Thank you for looking through the archives. In logical replication,
performance problems typically show up as replication delays. Since
logical replication involves many different components and processes,
it's quite rare for investigations to trace problems back to this
specific piece of code. However, I still believe it's important to
optimize the performance of logical decoding itself.
>
> > >
> > > A comparable optimization exists in KnownAssignedXidsCompress() which
> > > uses the same algorithm to remove stale XIDs without workspace
> > > allocation. That implementation also adds a lazy compaction heuristic
> > > that delays compaction until a threshold of removed entries is
> > > reached, amortizing the O(N) cost across multiple operations.
> > >
> > > The comment above the data structure mentions the trade-off of keeping
> > > the committed.xip array sorted versus unsorted. If the array were
> > > sorted, we could use a binary search combined with memmove to compact
> > > it efficiently, achieving O(log n + n) complexity for purging.
> > > However, that design would increase the complexity of
> > > SnapBuildAddCommittedTxn from O(1) to O(n) and "more complicated wrt
> > > wraparound".
> > >
> > > /*
> > > * Array of committed transactions that have modified the catalog.
> > > *
> > > * As this array is frequently modified we do *not* keep it in
> > > * xidComparator order. Instead we sort the array when building &
> > > * distributing a snapshot.
> > > *
> > > * TODO: It's unclear whether that reasoning has much merit.

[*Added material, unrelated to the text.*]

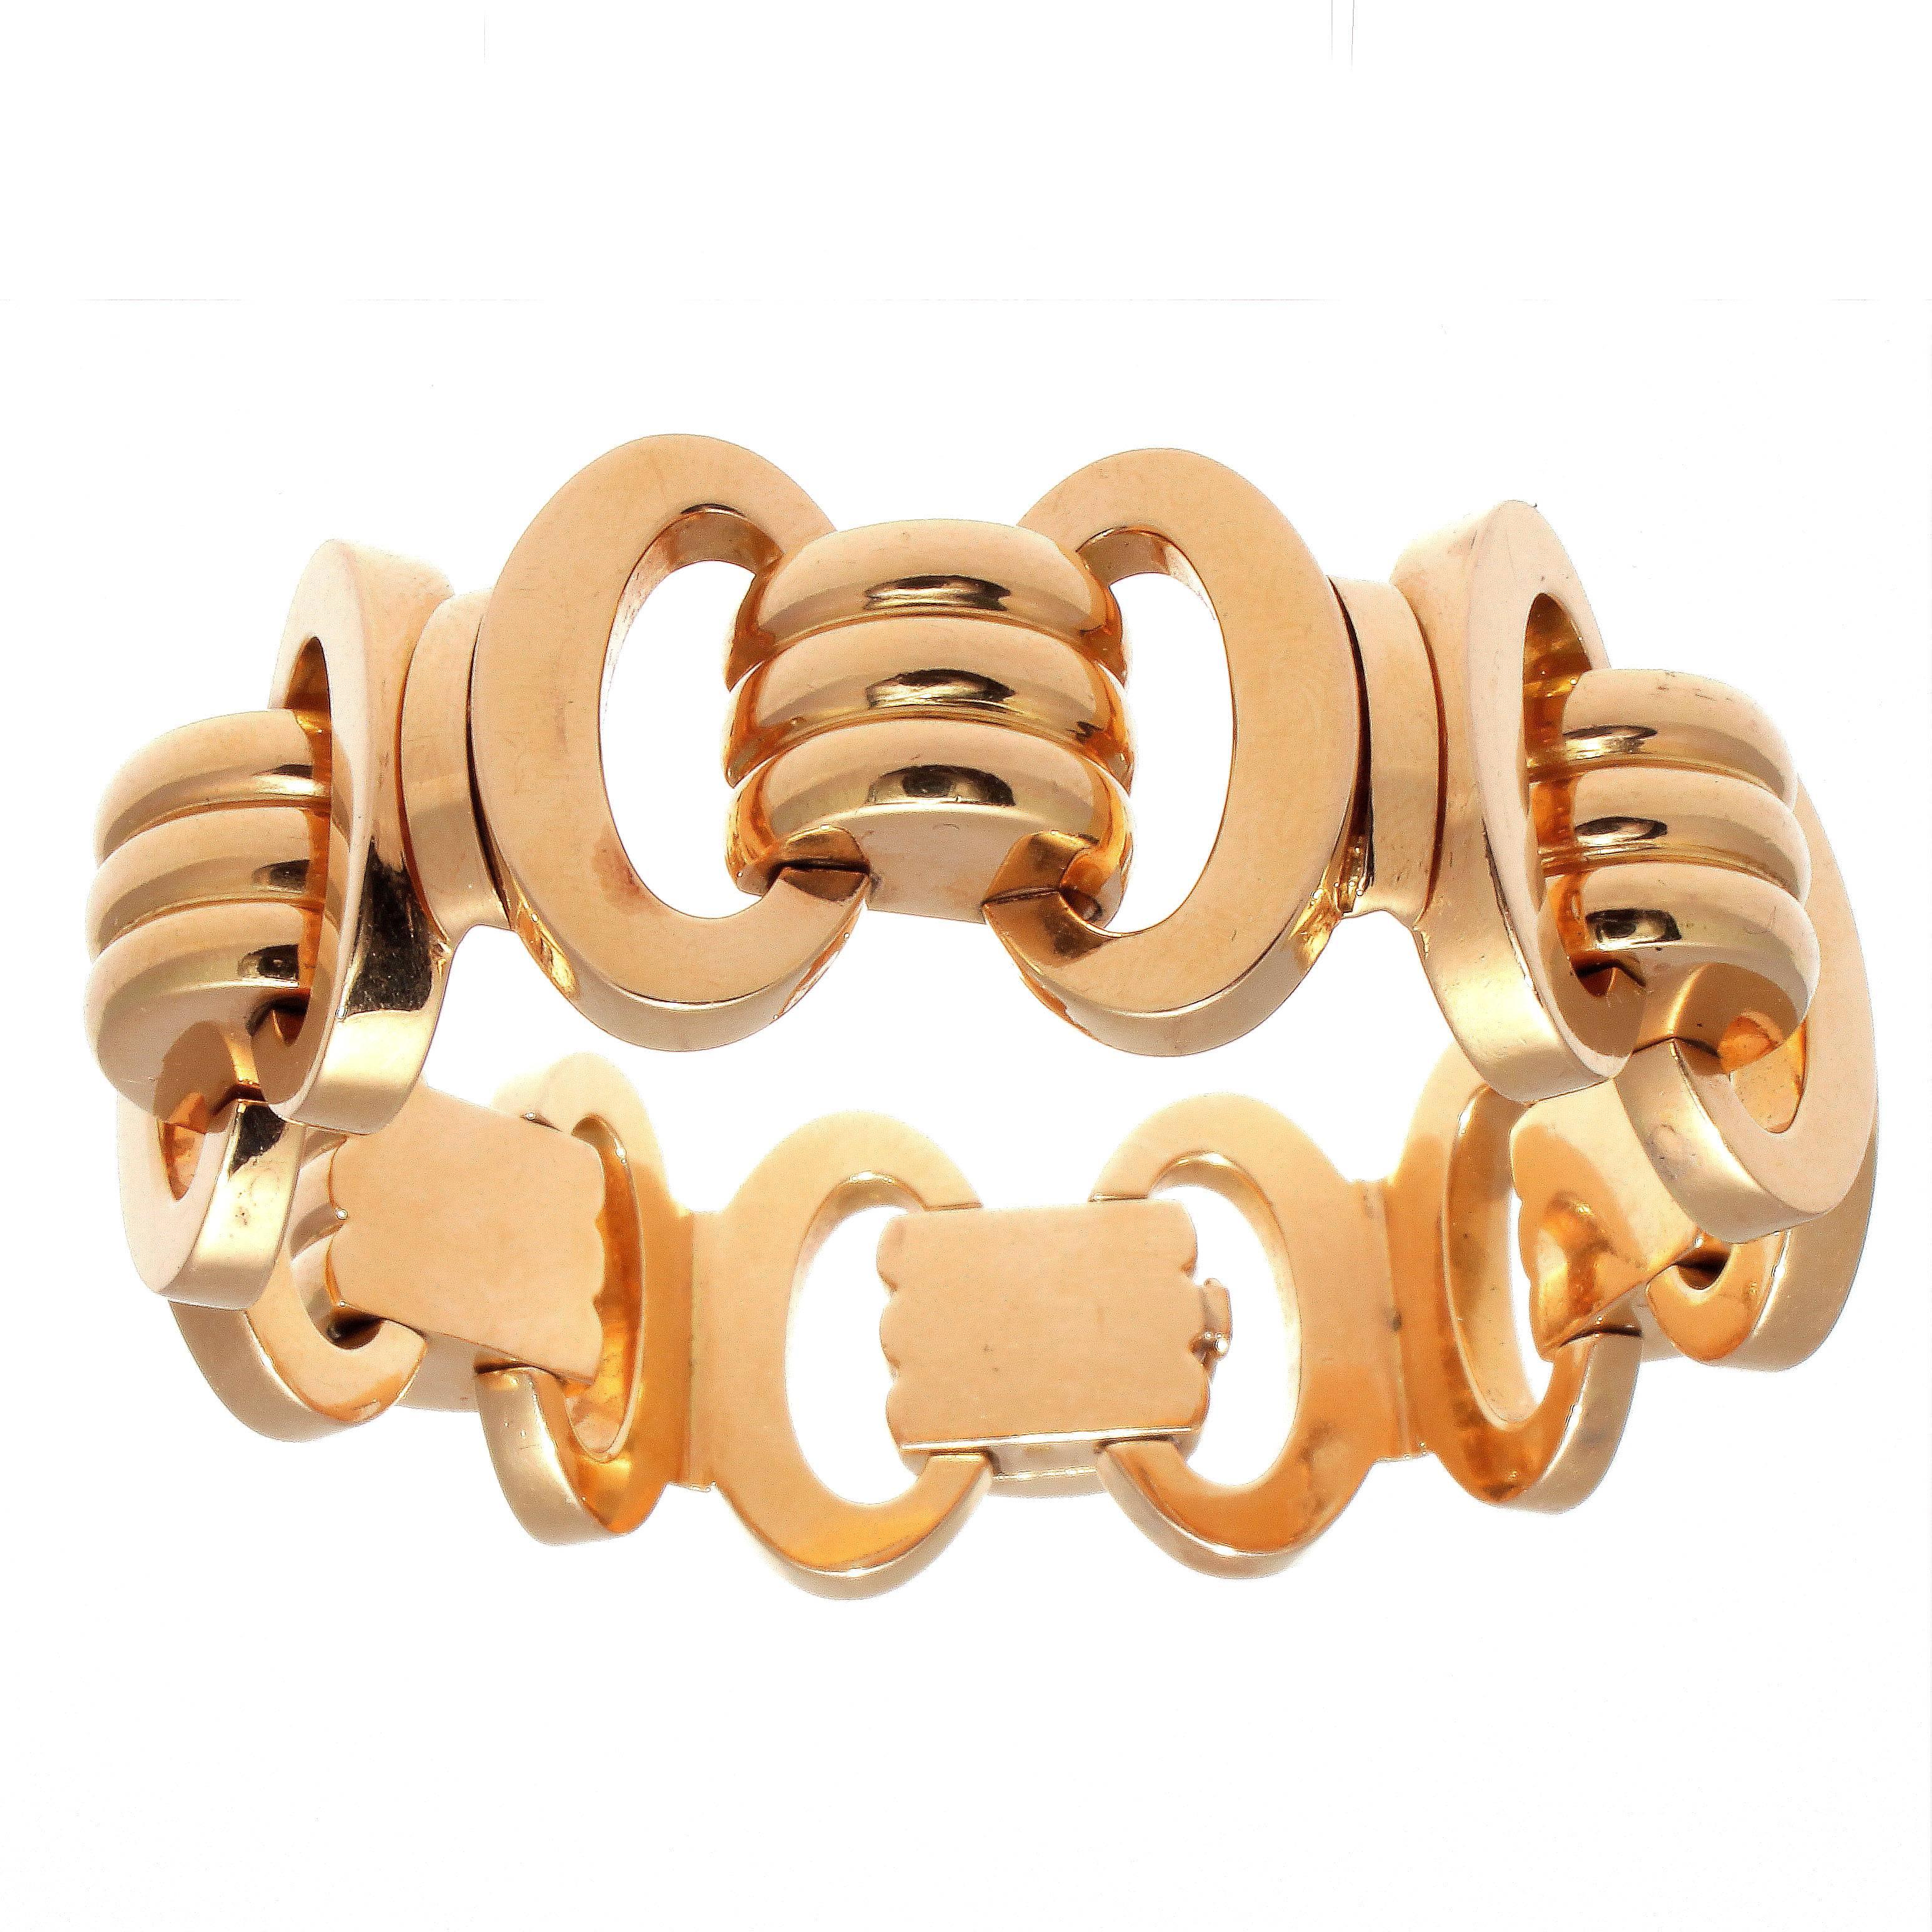 Effortless fashion has been part of French culture  and is a constant in their creativity. Exemplified by the retro style which has come full circle and is popular once again today. The bracelet is hand crafted in brightly glistening 18k gold.

Every
> > > * time we add something here after becoming consistent will also
> > > * require distributing a snapshot. Storing them sorted would
> > > * potentially also make it easier to purge (but more complicated wrt
> > > * wraparound?). Should be improved if sorting while building the
> > > * snapshot shows up in profiles.
> > > */
> > > TransactionId *xip;
> > > } committed;
> > >
> > > /*
> > > * Keep track of a new catalog changing transaction that has committed.
> > > */
> > > static void
> > > SnapBuildAddCommittedTxn(SnapBuild *builder, TransactionId xid)
> > > {
> > > Assert(TransactionIdIsValid(xid));
> > >
> > > if (builder->committed.xcnt == builder->committed.xcnt_space)
> > > {
> > > builder->committed.xcnt_space = builder->committed.xcnt_space * 2 + 1;
> > >
> > > elog(DEBUG1, "increasing space for committed transactions to %u",
> > > (uint32) builder->committed.xcnt_space);
> > >
> > > builder->committed.xip = repalloc(builder->committed.xip,
> > > builder->committed.xcnt_space * sizeof(TransactionId));
> > > }
> > >
> > > /*
> > > * TODO: It might make sense to keep the array sorted here instead of
> > > * doing it every time we build a new snapshot. On the other hand this
> > > * gets called repeatedly when a transaction with subtransactions commits.
> > > */
> > > builder->committed.xip[builder->committed.xcnt++] = xid;
> > > }
> > >
> > > It might be worth profiling this function to evaluate whether
> > > maintaining a sorted array could bring potential benefits, although
> > > accurately measuring its end-to-end impact could be difficult if it
> > > isn’t a known hotspot. I also did a brief search on the mailing list
> > > and found no reports of performance concerns or related proposals to
> > > optimize this part of the code.
> >
> > It might also be worth researching what kind of workloads would need a
> > better algorithm in terms of storing/updating xip and subxip arrays
> > since it would be the primary motivation. Also, otherwise we cannot
> > measure the real-world impact of a new algorithm. Having said that,
> > find that it would be discussed and developed separately from the
> > proposed patch on this thread.
>
> +1 for researching the workloads that might need a sorted array and
> more efficient algorithm. This exploration isn’t limited to the scope
> of SnapBuildPurgeOlderTxn but relates more broadly to the overall
> snapbuild process, which might be worth discussing in a separate
> thread as suggested.
>
> * TODO: It's unclear whether that reasoning has much merit. Every
> * time we add something here after becoming consistent will also
> * require distributing a snapshot. Storing them sorted would
> * potentially also make it easier to purge (but more complicated wrt
> * wraparound?). Should be improved if sorting while building the
> * snapshot shows up in profiles.
>
> I also constructed an artificial workload to try to surface the qsort
> call in SnapBuildBuildSnapshot, though such a scenario seems very
> unlikely to occur in production.
>
> for ((c=1; c<=DDL_CLIENTS; c++)); do
> (
> local seq=1
> while (( $(date +%s) < tB_end )); do
> local tbl="hp_ddl_${c}_$seq"
> "$psql" -h 127.0.0.1 -p "$PORT" -d postgres -c "
> BEGIN;
> CREATE TABLE ${tbl} (id int, data text);
> CREATE INDEX idx_${tbl} ON ${tbl} (id);
> INSERT INTO ${tbl} VALUES ($seq, 'd');
> DROP TABLE ${tbl};
> COMMIT;" >/dev/null 2>&1 || true
> seq=$((seq+1))
> done
> )
Interesting. To be honest, I think this scenario might actually occur
in practice, especially in cases where users frequently use CREATE
TEMP TABLE ... ON COMMIT DROP.
Regards,
--
Masahiko Sawada
Amazon Web Services: https://aws.amazon.com